É que ao circular mercadorias sujeitas ao ICMS sem prévio cadastro fiscal, o contribuinte irregular acaba por não declarar ao fisco a aquisição dessas mercadorias para revenda, que só pode ser feita por meio de documento e livros fiscais especialmente direcionados à inscrição fiscal do contribuinte; que por sua vez, não pode emitir o documento fiscal de uma futura venda em razão da mesma falta de cadastro no órgão fazendário, deixando de escriturar e declarar as saídas dessas mesmas mercadorias, e por consequência eximindo-se do pagamento do tributo que seria apurado em razão dessas operações.

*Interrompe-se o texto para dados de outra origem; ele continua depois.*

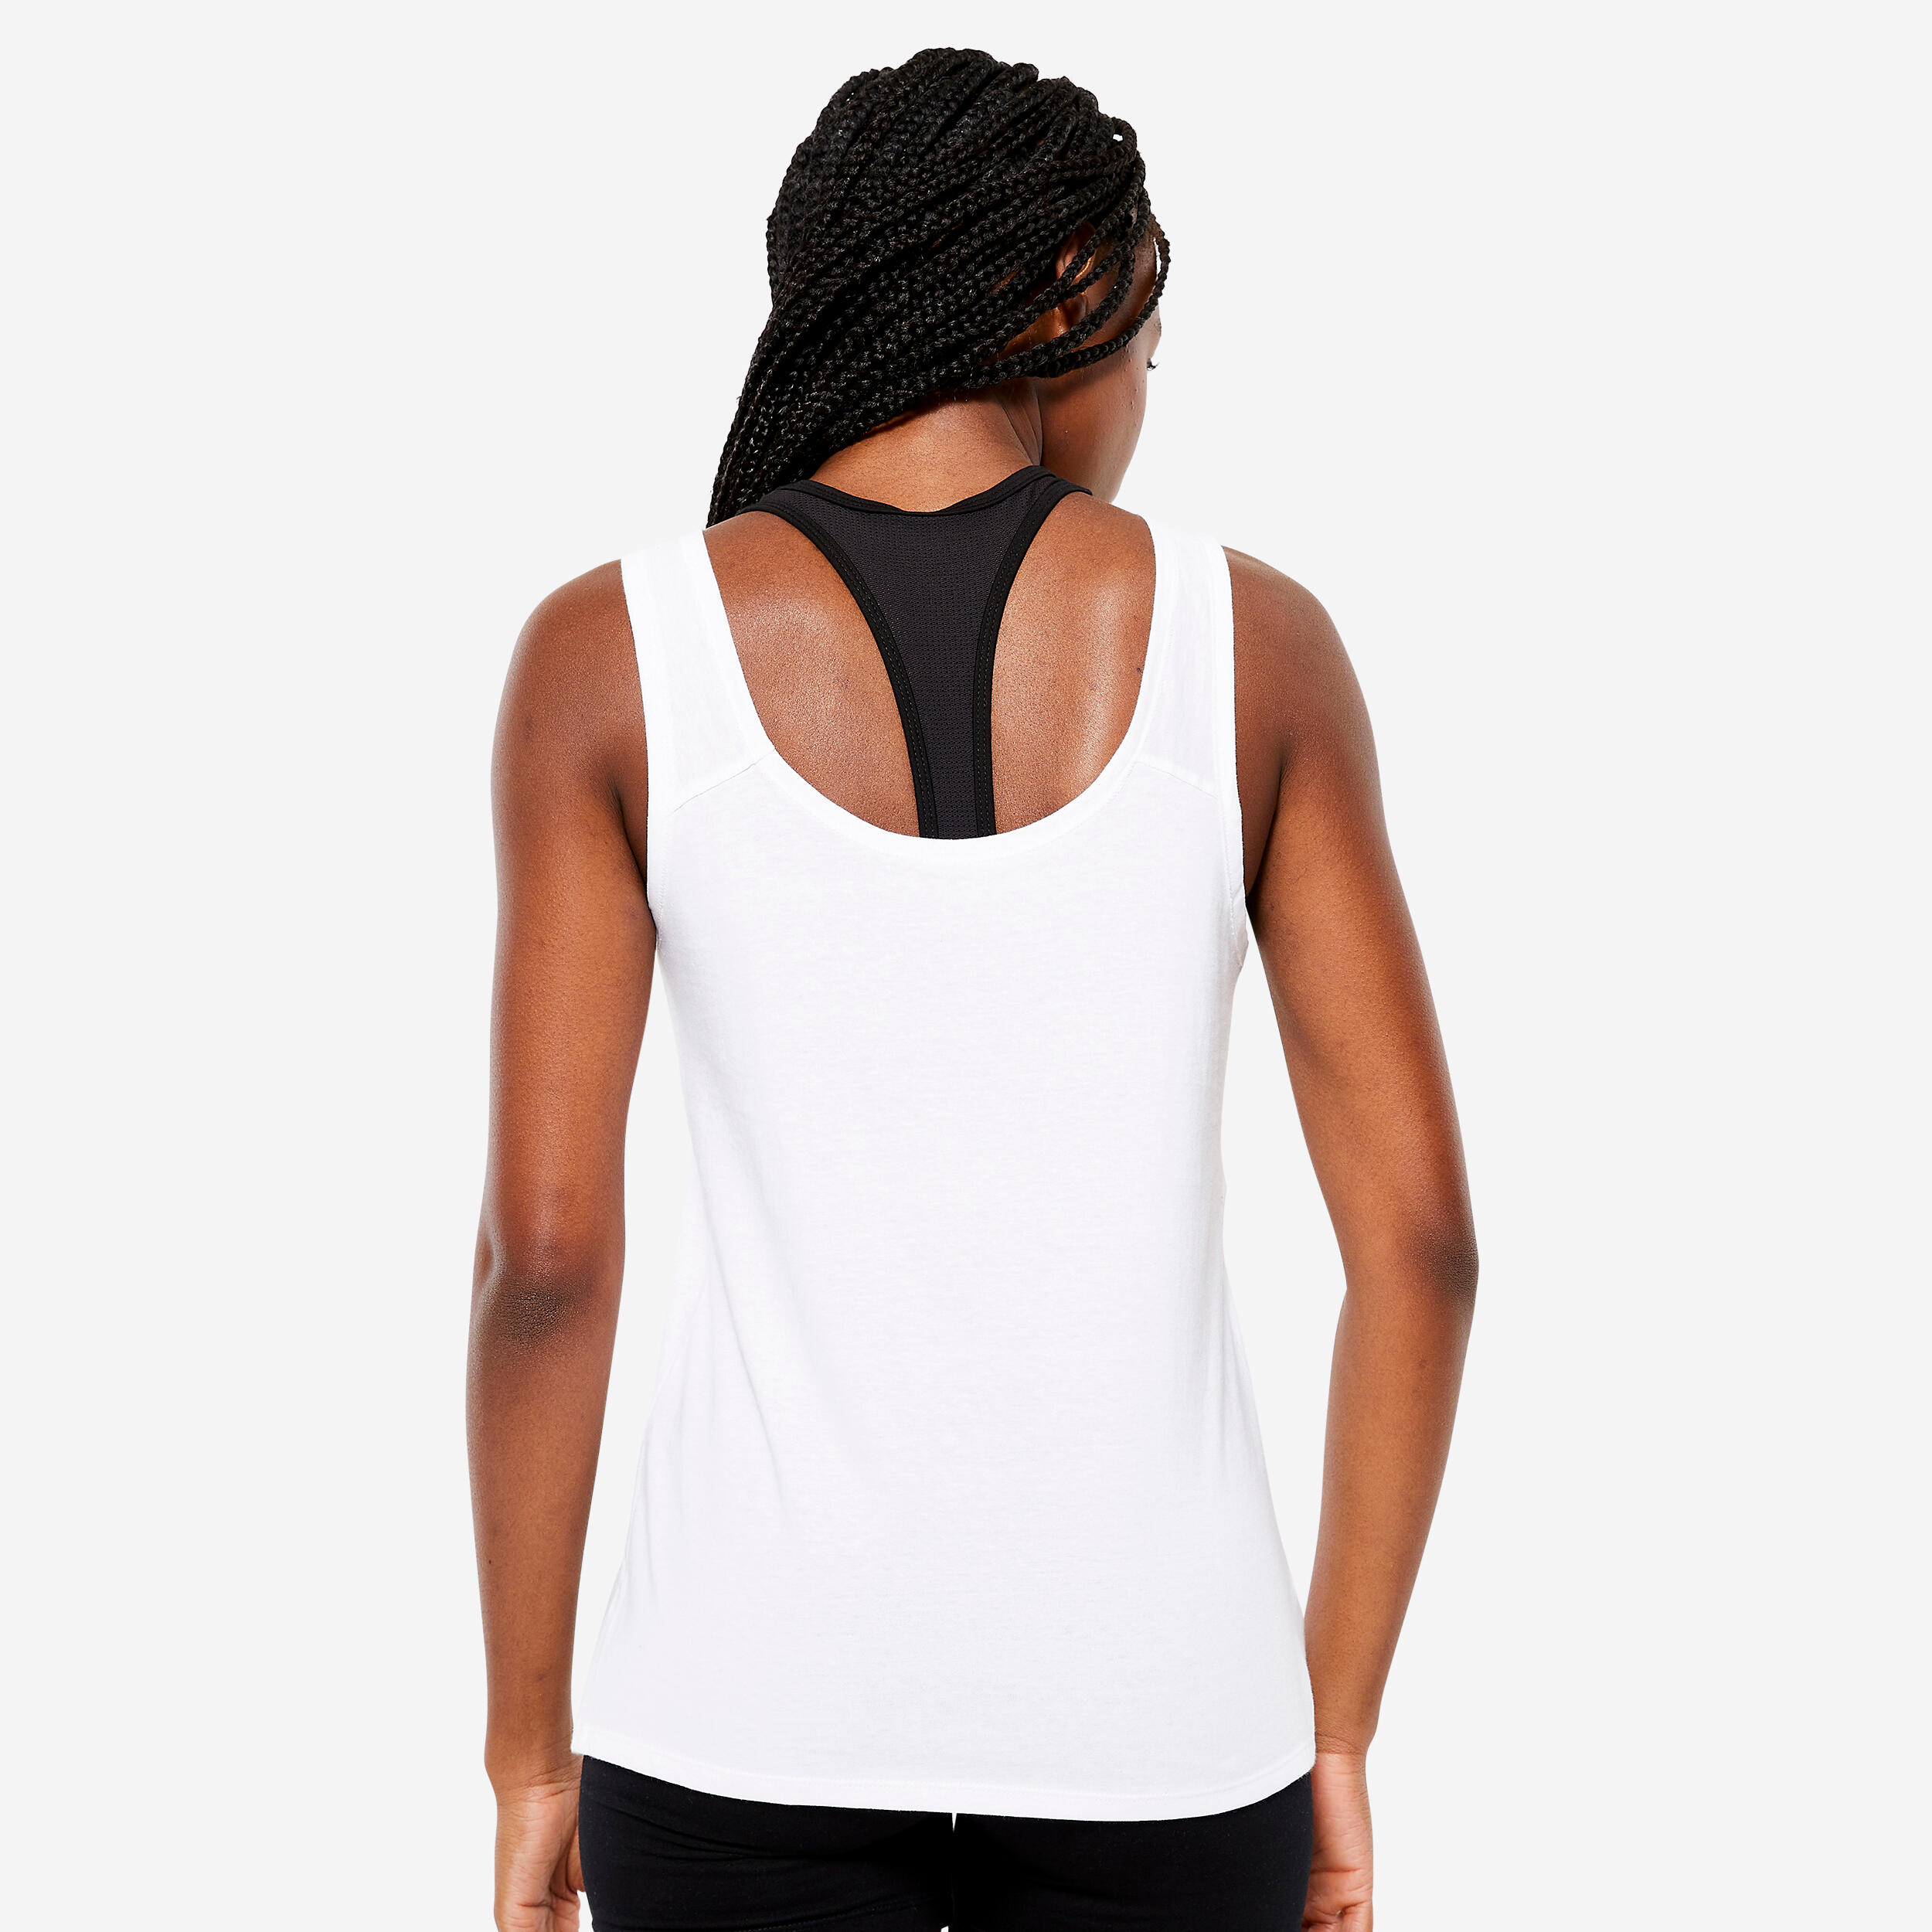 Athl Dpt Women's cotton sports tank top: for sale at 7.99€ on

Por óbvio, a ignorância da fazenda pública em relação a existência informal de contribuinte que se dedica a atividade de comercialização de mercadorias, faz com que a Administração Tributária não tenha como identificar com a mínima razoabilidade, possível supressão tributária advinda de tal atividade.

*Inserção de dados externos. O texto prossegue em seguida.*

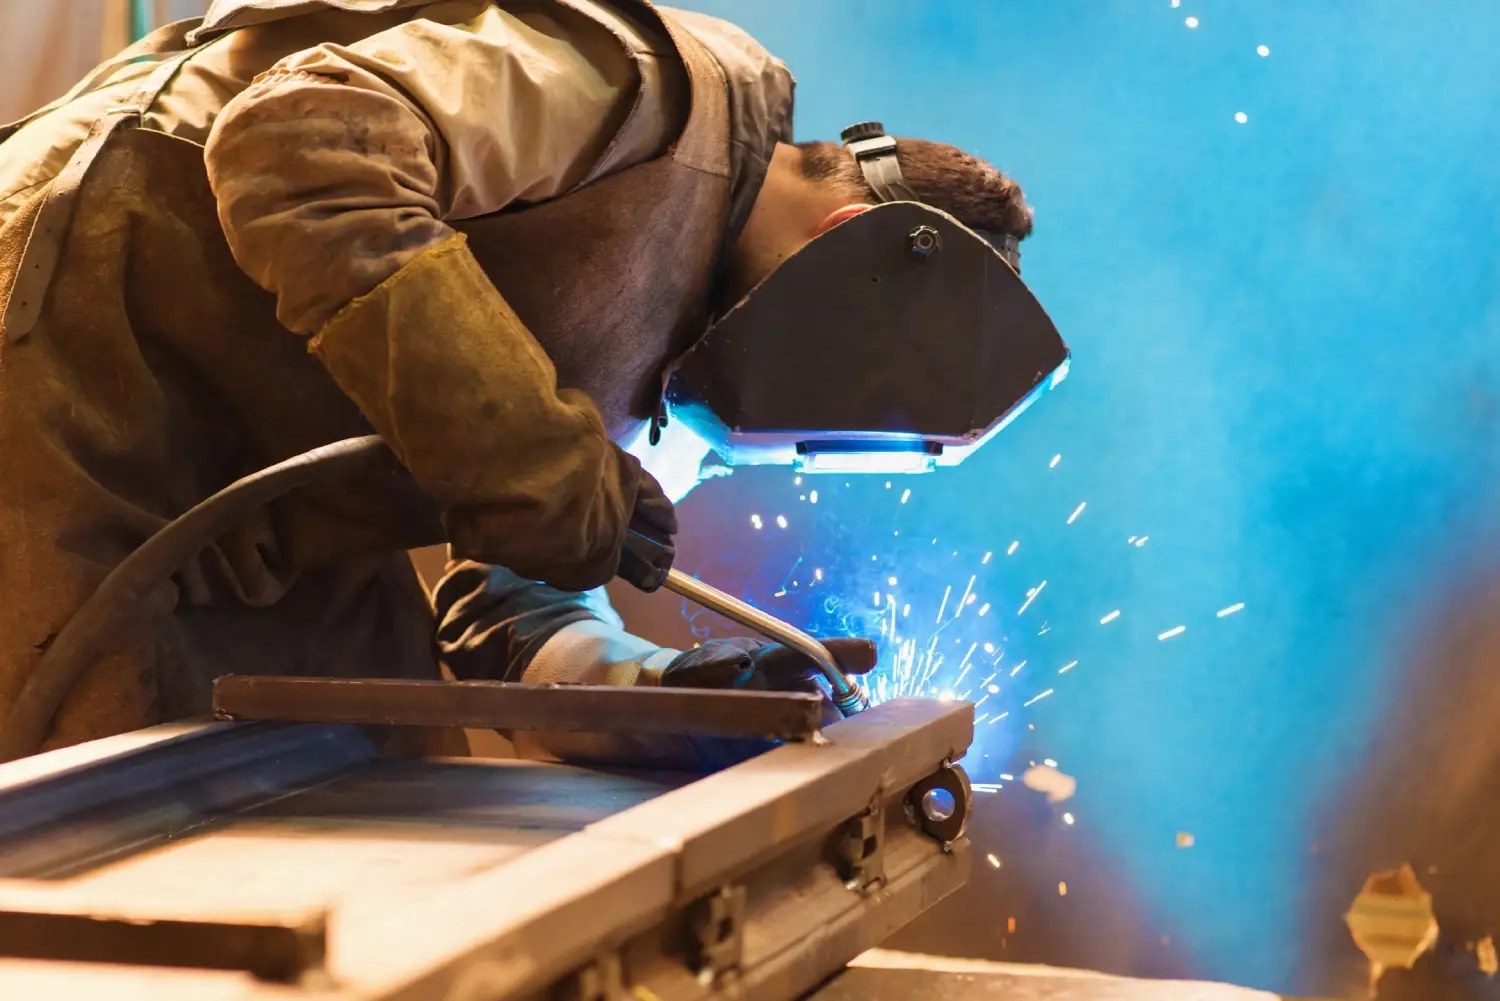 A man welding metal with blue light shining on him.

Assim, a pessoa que desenvolve atividade comercial de forma irregular, sem cadastro fiscal, e por consequência sem escriturar notas de entrada em livro fiscal, sem emitir e escriturar notas fiscais de venda, e sem declarar ao fisco pelos meios eletrônicos próprios os fatos geradores e os respectivos e tributos devidos; obviamente, exime-se do pagamento dos tributos.
Portanto o contexto da hipótese fática posta em análise demonstra claramente que o exercício de atividade comercial sem o devido cadastro fiscal, torna manifesta a intenção de eximir-se totalmente do pagamento do tributo devido, caracterizando, portanto, o elemento subjetivo especial do tipo contido no Art. 2º, I da Lei n. 8.137/90.

  •  CONCLUSÃO:

Finalizando a presente nota técnica, em relação a repercussão penal da conduta de: manter mercadorias estocadas e/ou expostas à venda em estabelecimento sem cadastro perante a Fazenda Pública estadual; consignamos aos agentes da polícia judiciária, salvo o seu melhor entendimento, o seguinte:
1. Trata-se de omissão de obrigação tributária acessória com repercussão penal própria que independe da apuração de possível redução/supressão de tributo;
2.  Em tal situação o ICMS lançado de ofício pela autoridade tributária é aferido por presunção/arbitramento, cujo fato gerador é fruto de ficção jurídica, que apesar de autorizado pela lei tributária não possui equivalente penal nos tipos materiais previstos no art. 1º da Lei 8.137/90, à mingua da real ocorrência do fato gerador do tributo em questão;
3. A persecução penal sobre a falta de inscrição no cadastro de contribuintes do ICMS deve ser interpretada conjuntamente com a existência de mercadorias no recinto do estabelecimento, com o fim de caracterizar a omissão de declaração ao fisco sobre entradas de mercadorias no mesmo;
4. A satisfatória declaração de entrada de mercadorias em estabelecimento comercial só pode ser feita por meio de documento fiscal apropriado, especialmente direcionado à inscrição fiscal do contribuinte adquirente; sem a qual a declaração da entrada das mercadorias se torna omissa, possibilitando com isso a futura saída dessas mercadorias com o mesmo vício da omissão.
5. A aquisição e estocagem de mercadorias sujeitas ao ICMS por estabelecimento sem cadastro fiscal se trata de comportamento próprio daqueles que possuem o propósito de se eximir, total ou parcialmente, do pagamento do referido tributo, sujeitando-se por tal ao equivalente penal contido no tipo formal do Inciso I do art. 2º da Lei n. 8.137/90.